== DATA SEGMENT ==
..............................
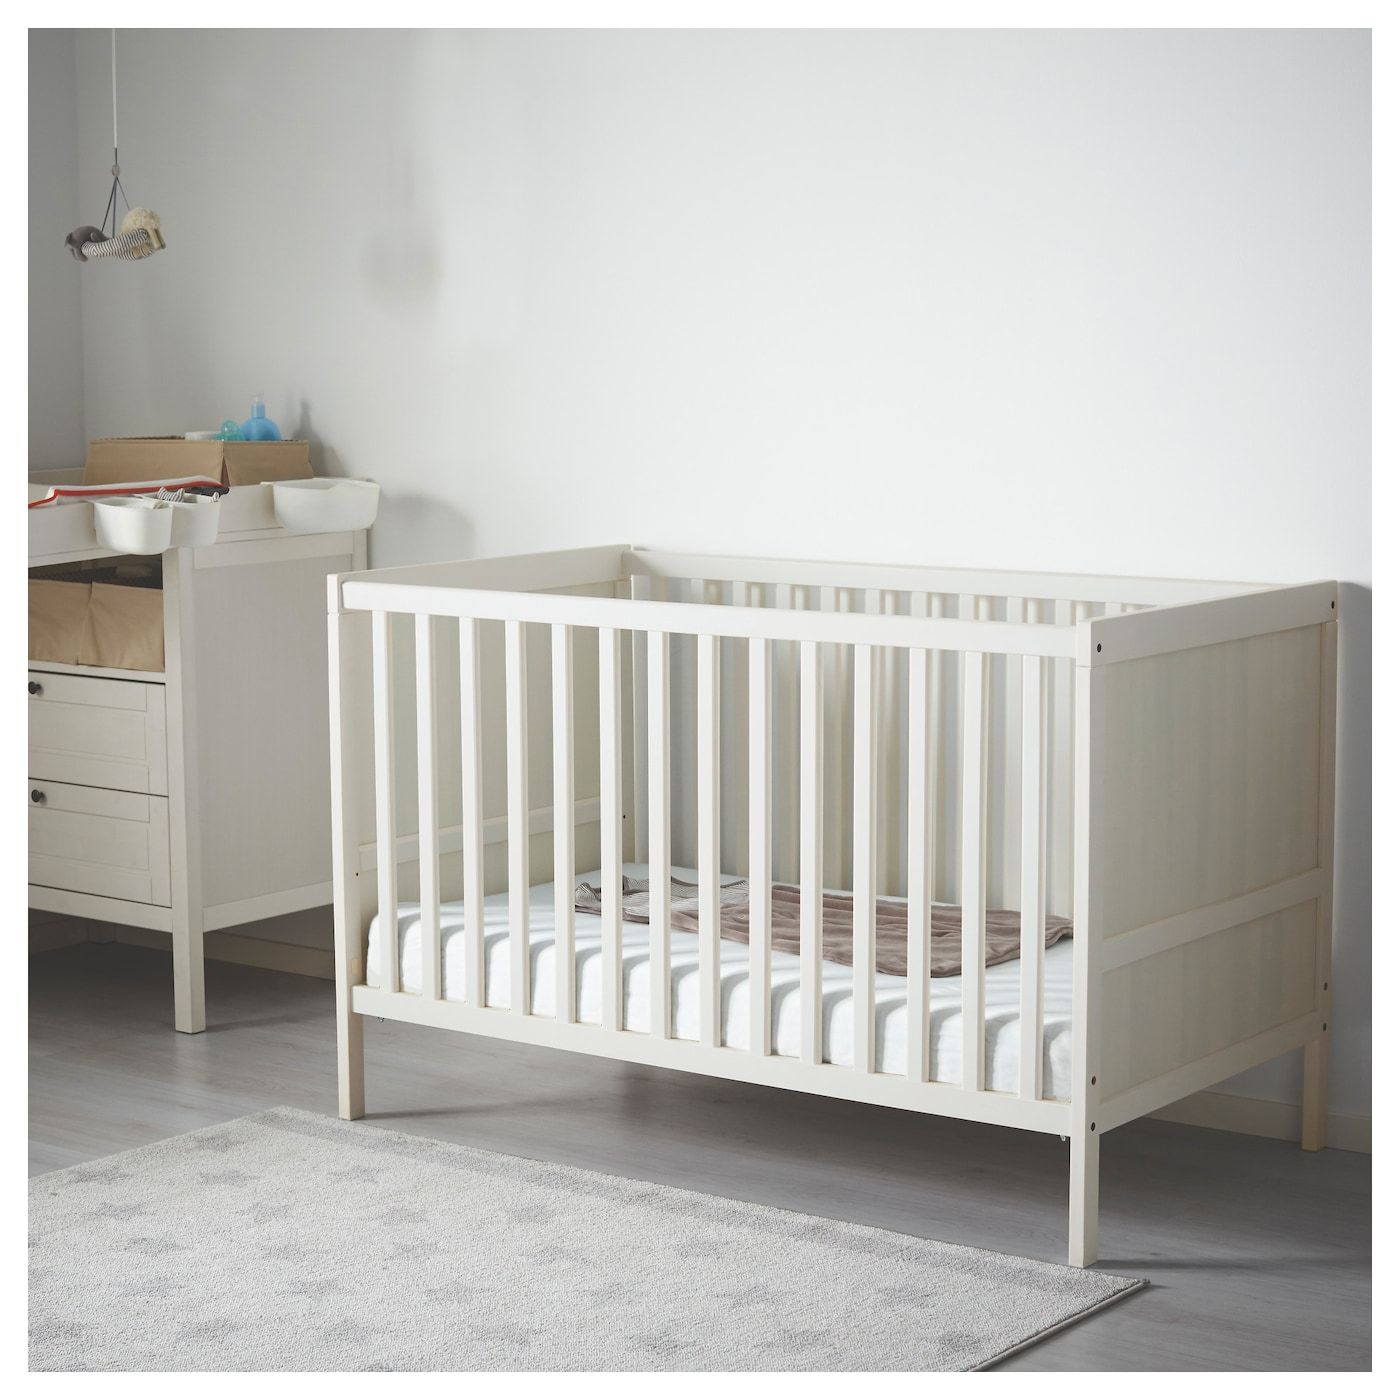 "SUNDVIK Crib, white, 27 1/2x52"" IKEA Ikea crib, Ikea"
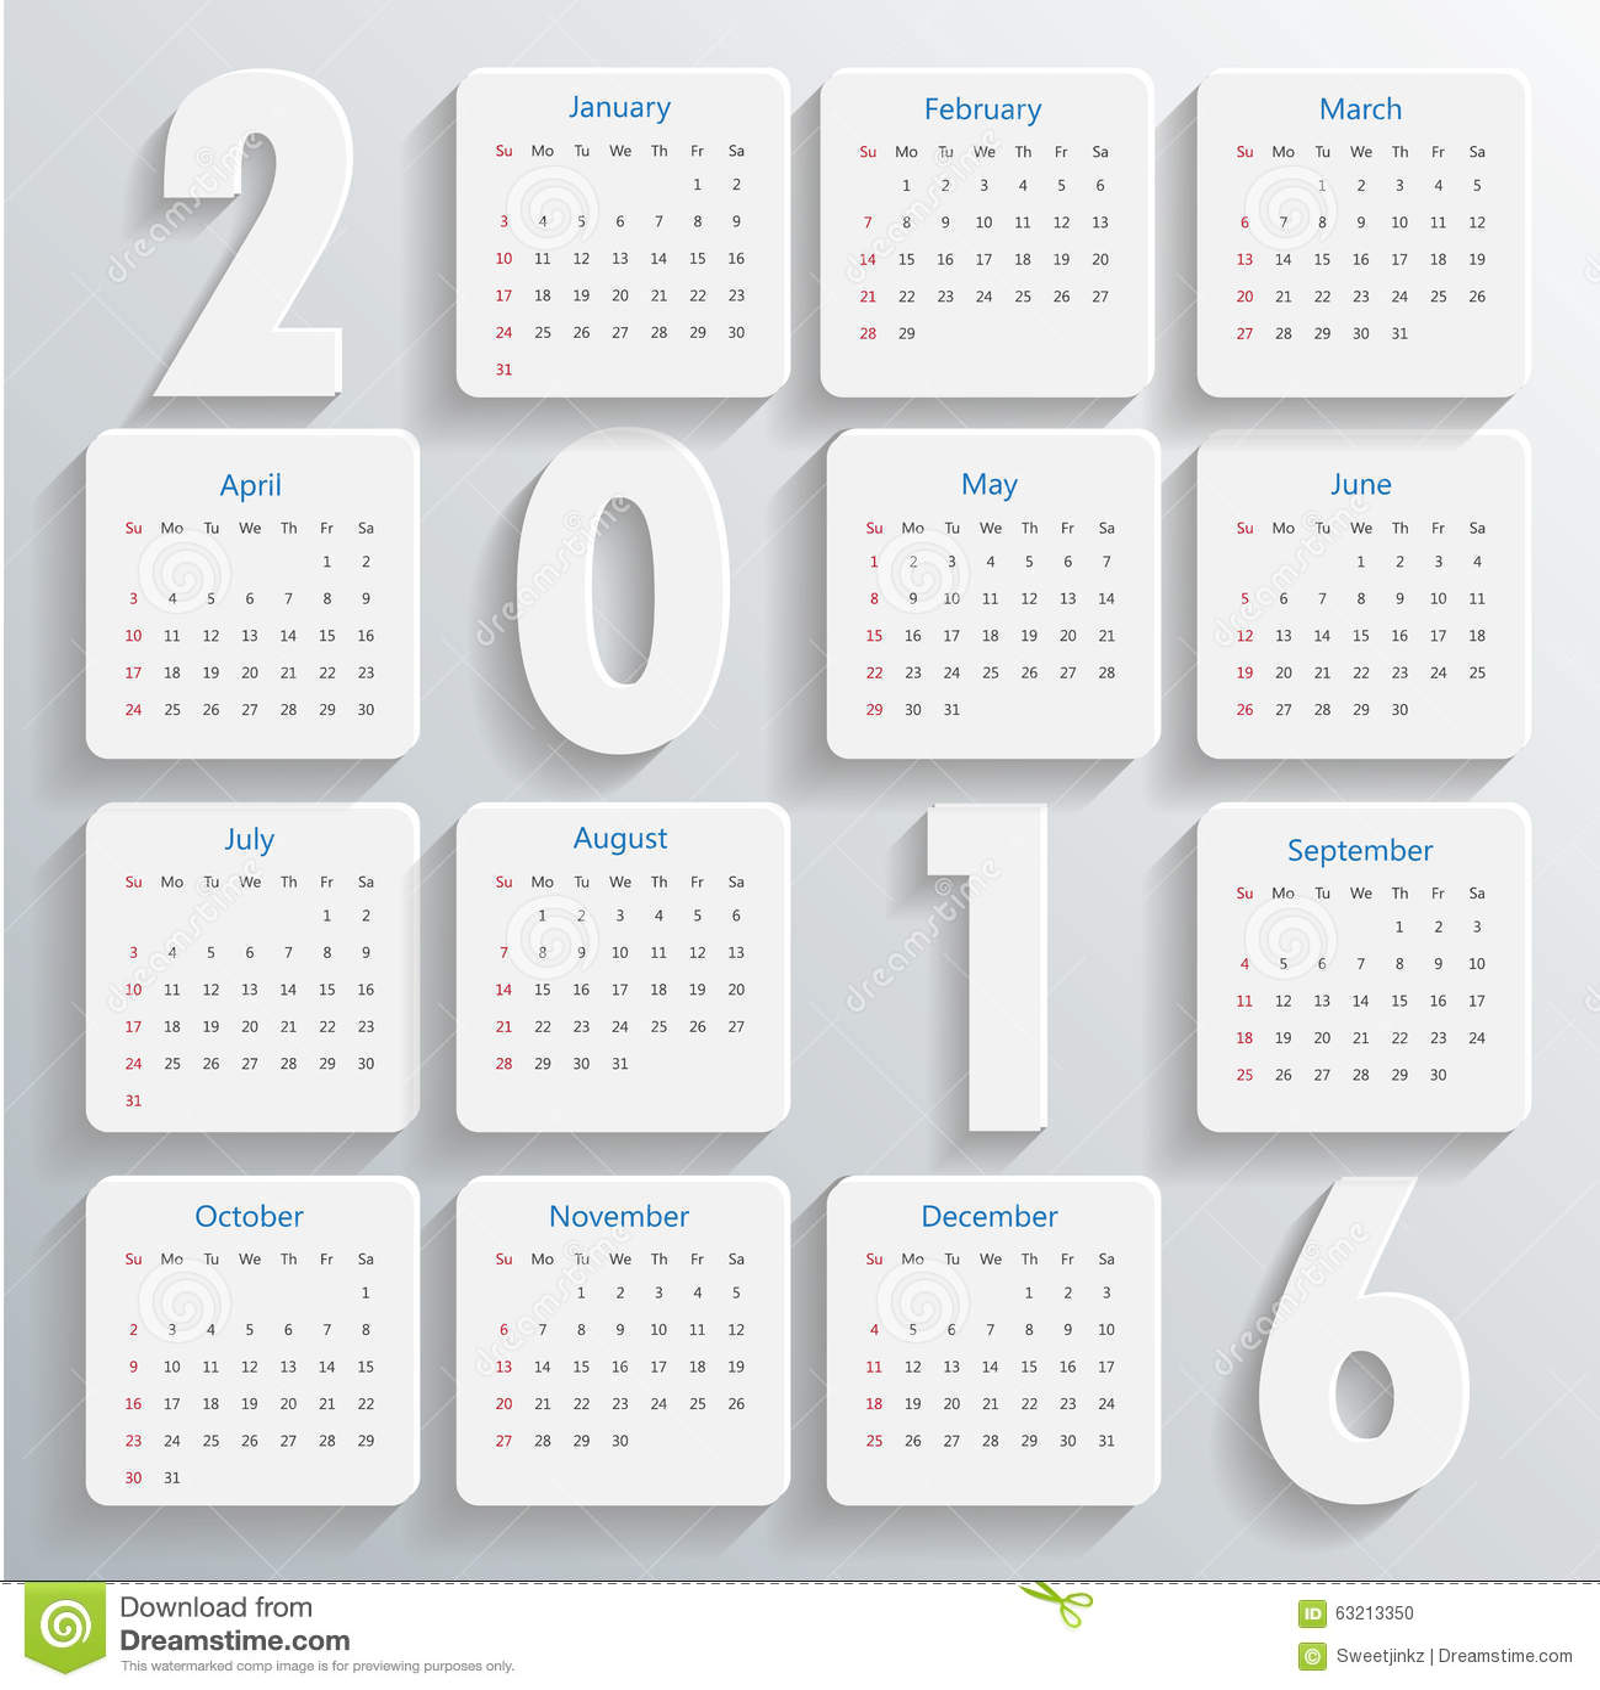 Calendar Template Vector : Modern calendar template vector illustration
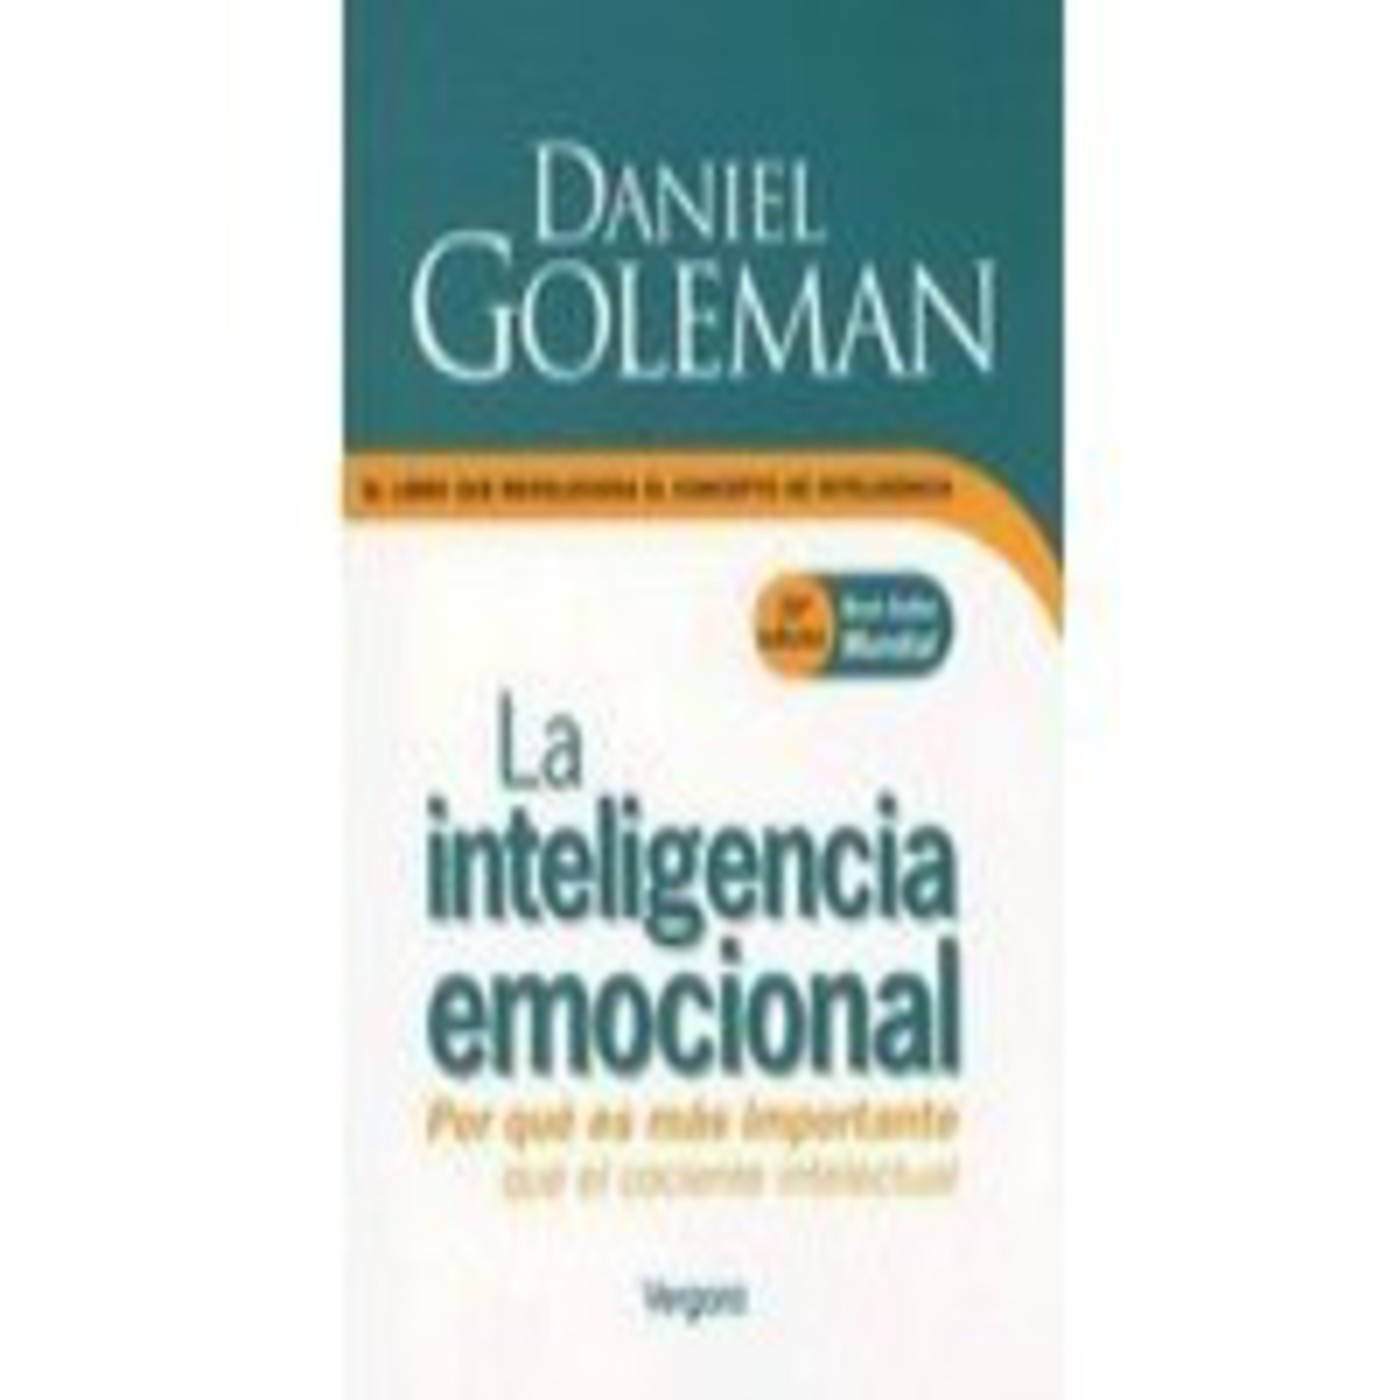 45..INTELIGENCIA EMOCIONAL, Daniel Goleman
..............................
Please write out, exactly, every line from the line with "Calendar Template Vector : Modern" through the final line of the data above, leaving out pictures.

 Calendar Template Vector : Modern calendar template vector illustration
 45..INTELIGENCIA EMOCIONAL, Daniel Goleman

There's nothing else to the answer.